The Male Half of the Staff encounters Whoopi Goldberg on deck four of the Serenade of the Seas.

Whoopi Goldberg is the godmother of the Serenade of the Seas. It’s an old tradition– designating someone as the godmother and godfather of a ship at its launch. Royal Caribbean often chooses celebs. The passengers dig it and the press eats it up.

We flew to San Juan, Puerto Rico, last Friday, then boarded the behemoth on Saturday morning. Over the next week, we hit St. Thomas, St. Maarten, Antigua, St. Lucia and Barbados before heading back to P.R. Our week aboard the 90,000-ton hotel was absolutely fascinating. The Radiance-class ship holds 2,501 passengers, according to the RCCL site and this particular week it was decked out in holiday decorations.


Our humble abode while sailing– it’s the hole in the middle! We we on the port side, on deck two.

For The Male Half, it was a working holiday– doing a Welcome Aboard Show first night at sea, and then appearing on both shows on Christmas night five days later.

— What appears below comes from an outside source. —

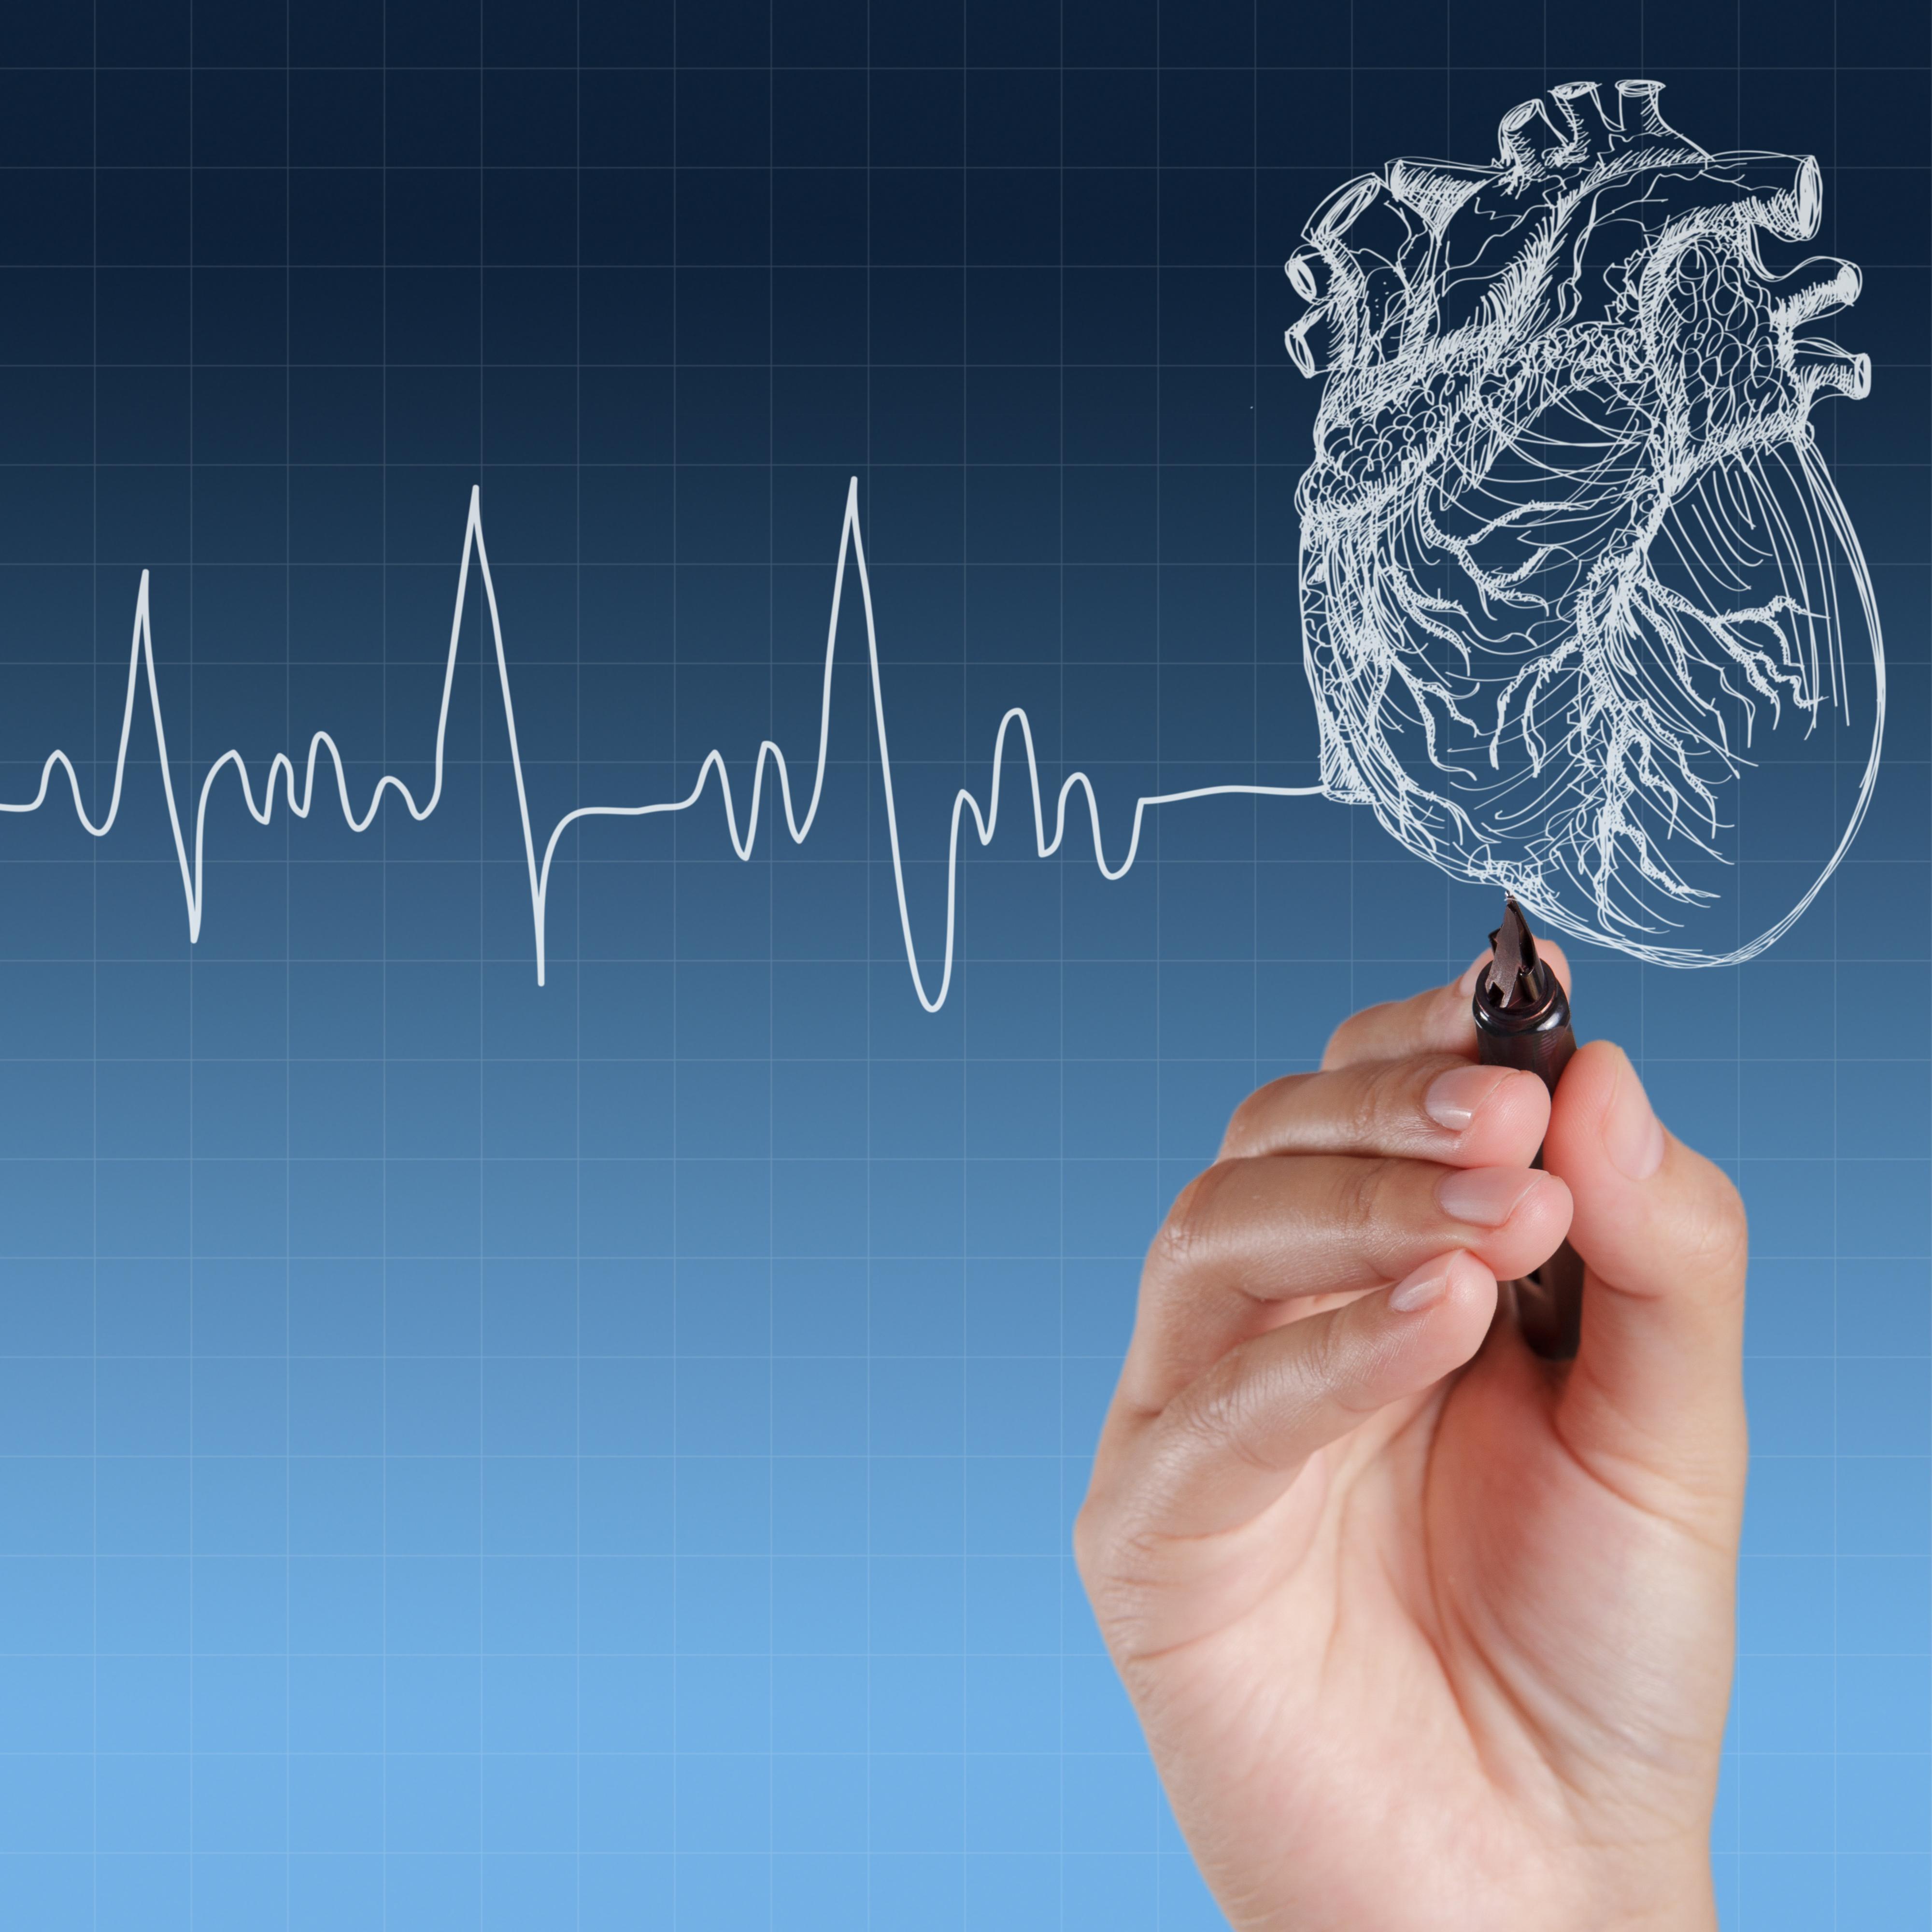 سرعة ضربات القلب أسبابها وعلاجها وطرق الوقاية منها ثقف نفسك

The rest of the time was spent eating, drinking, hiking, drinking, eating and basking in the warm Caribbean sun. It was only the second time TMHOTS has done a cruise, the first being exactly a year ago on the Adventure of the Seas.

Performing on a cruise ship presents unique challenges– keeping it clean being only one of them. All three of the week’s shows required scrupulously inoffensive material. (A 20- to 25-minute show on the first evening and a 10-minute set repeated twice on Christmas.) All three audiences had children among them, but not so many as to be their dominant feature.

Doing a cruise or two this past 365 days has given us a renewed respect for those who ply the comedy trade on the high seas. (We have always known that performing on an oceanliner was tricky. We regarded those who mastered it was a mixture of awe and mystery. And we recall all too clearly the disdain that many of our colleagues had for “boat acts.” There are many fine comedians who derive a good portion of their income from this sector. Many of them keep it quiet, perhaps for fear of peer pressure– or should that be pier pressure? Too bad. It’s an interesting and often lucrative way to do standup for a variety of audiences in what are often state-of-the-art venues. Those venues just happen to be on a ship and they just happen to cater to crowds that often contain seniors, children, non-English-speaking people and folks who might have never gone to see a comedian, had the opportunity not been offered to them just steps away from their cabins.)